I turned and walked out, not looking back at Elizabeth’s smug face.
Two Hours Later
I sat in the hospital cafeteria, staring at a cup of tea I couldn't drink. Sarah was sitting across from me, her hand over mine.
"He’ll remember, Lia. He has to," Sarah said.
"And if he doesn't?" I asked. "If the Julian who loved me is gone forever, and only the Julian who ignored me is left? I can't go back to being a shadow, Sarah. I won't."
"You don't have to," Sarah said. "You’re the Managing Partner of the firm now. You have the power. If he wants to play the amnesiac, let him. But make him do it on your terms."
My phone buzzed. It was a message from the private investigator I had hired to keep an eye on Elizabeth.
“She’s not at the hospital anymore. She’s at a private bank on 5th Avenue. She’s trying to access the trust funds using a power of attorney Julian signed last year.”
A slow, predatory smile spread across my face. Julian might have forgotten me, but his bank hadn't. And as the Managing Partner and legal proxy, I was the only one who could authorize a withdrawal of that size.
Back in the ICU
Julian sat in the silence of his room. The headache was a dull roar behind his eyes. He looked at the drawer Lia had mentioned. He didn't know why he felt a pull toward it. He didn't know why the sight of that woman the one with the red lipstick and the fierce eyes made his chest ache with a phantom pain.
He pulled open the drawer.
Inside was a small, digital recorder and a single, torn photograph.
He picked up the photo. It was a picture of him and a woman at a library. She was laughing. He was looking at her with an intensity that terrified him. It wasn't the way he looked at Elizabeth. He looked at Elizabeth like a trophy. He looked at the woman in the photo like she was his oxygen.
He pressed play on the recorder.
"October 14th: She cooked that spicy chicken again today... I’m a coward. I hide behind my work because when she looks at me, I feel like I don't deserve her."
Julian’s breath hitched. That was his voice. Those were his thoughts.
He looked at the woman in the photo again. The red-lipped stranger from the boardroom. The "junior associate."
Suddenly, a flash of white-hot light exploded in his mind. The spicy food. The cold bed. The hidden divorce papers. It wasn't a full memory, but it was a feeling. A crushing, overwhelming sense of loss.
The door opened. Elizabeth walked in, looking radiant. "Julian, darling! I’ve taken care of everything. The firm is safe, and we can finally be together without any... distractions."
Julian looked at her. For the first time, the "north star" looked dim. He looked at the photo of the woman in the library and then at the woman standing before him.
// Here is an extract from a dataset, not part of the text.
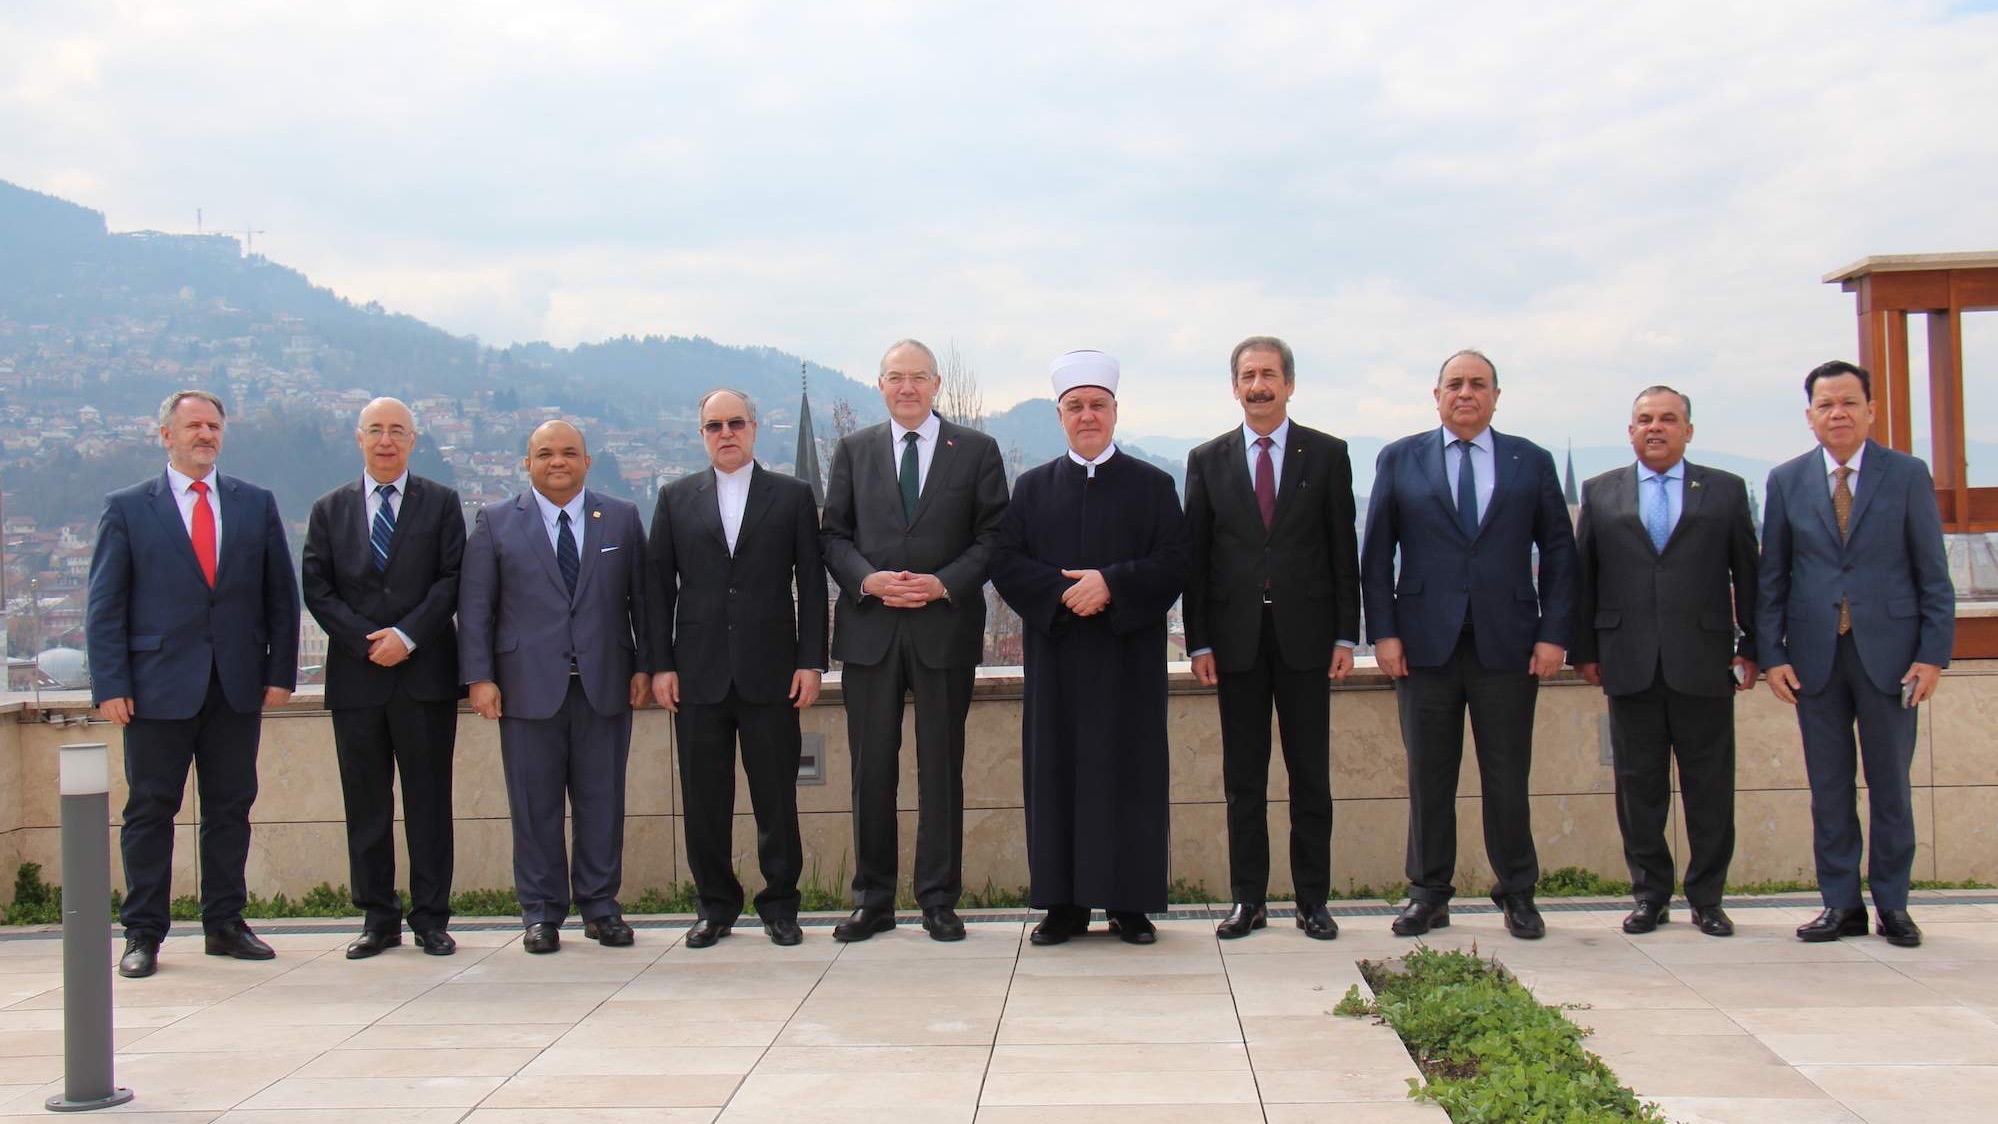 Reisul-ulemu posjetili ambasadori islamskih zemalja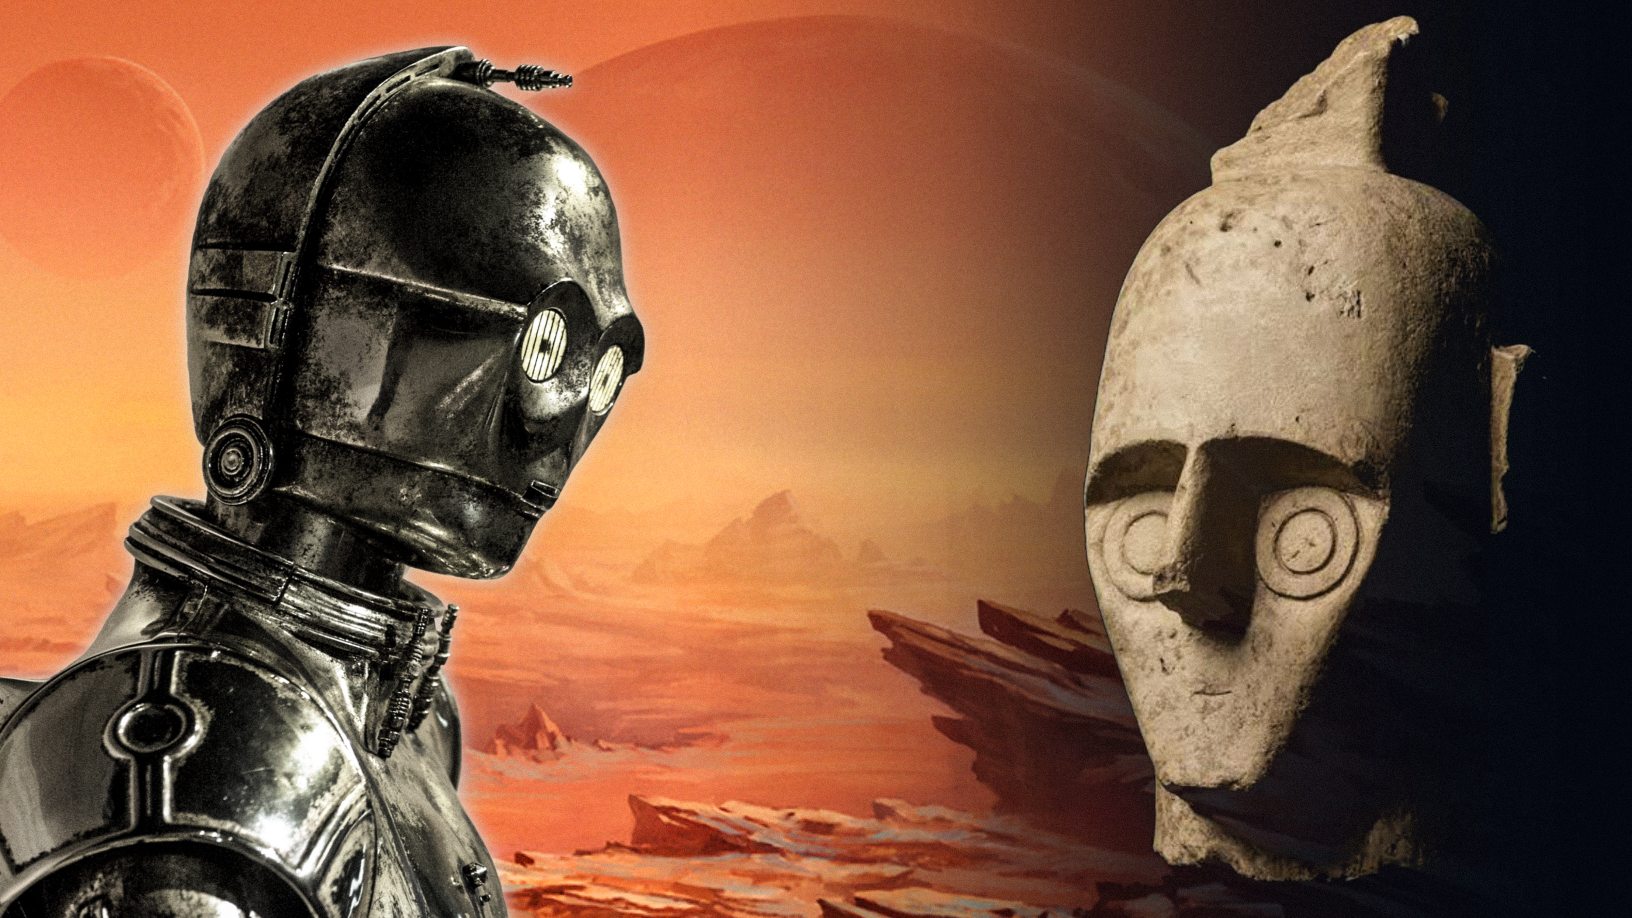 Die Giganten von Mont'e Prama: Außerirdische Roboter vor Tausenden von Jahren? 1

"Elizabeth," Julian said, his voice cold and precise the voice of the man who never lost. "Where did you go just now? I thought you said you’d never leave my side."
"I... I just had to handle some paperwork for the hospital, honey," she lied, her eyes shifting.
Julian gripped the digital recorder in his hand. He didn't remember everything yet. He didn't remember the three years of marriage or the name of the girl in the photo.
But he remembered how to cross-examine a liar.
"The hospital doesn't have a branch on 5th Avenue, Elizabeth," Julian said, his eyes narrowing. "Now, why don't you tell me who the woman in this photo is, and why my own voice is telling me that I don't deserve her?"
Elizabeth realizes her window of opportunity is closing. She lunges for the recorder, but the door swings open. Lia stands there, flanked by two federal marshals. "I'll tell you who she is, Julian. She's the woman who just froze your bank accounts and she's the woman who's about to have your 'first love' arrested for fraud."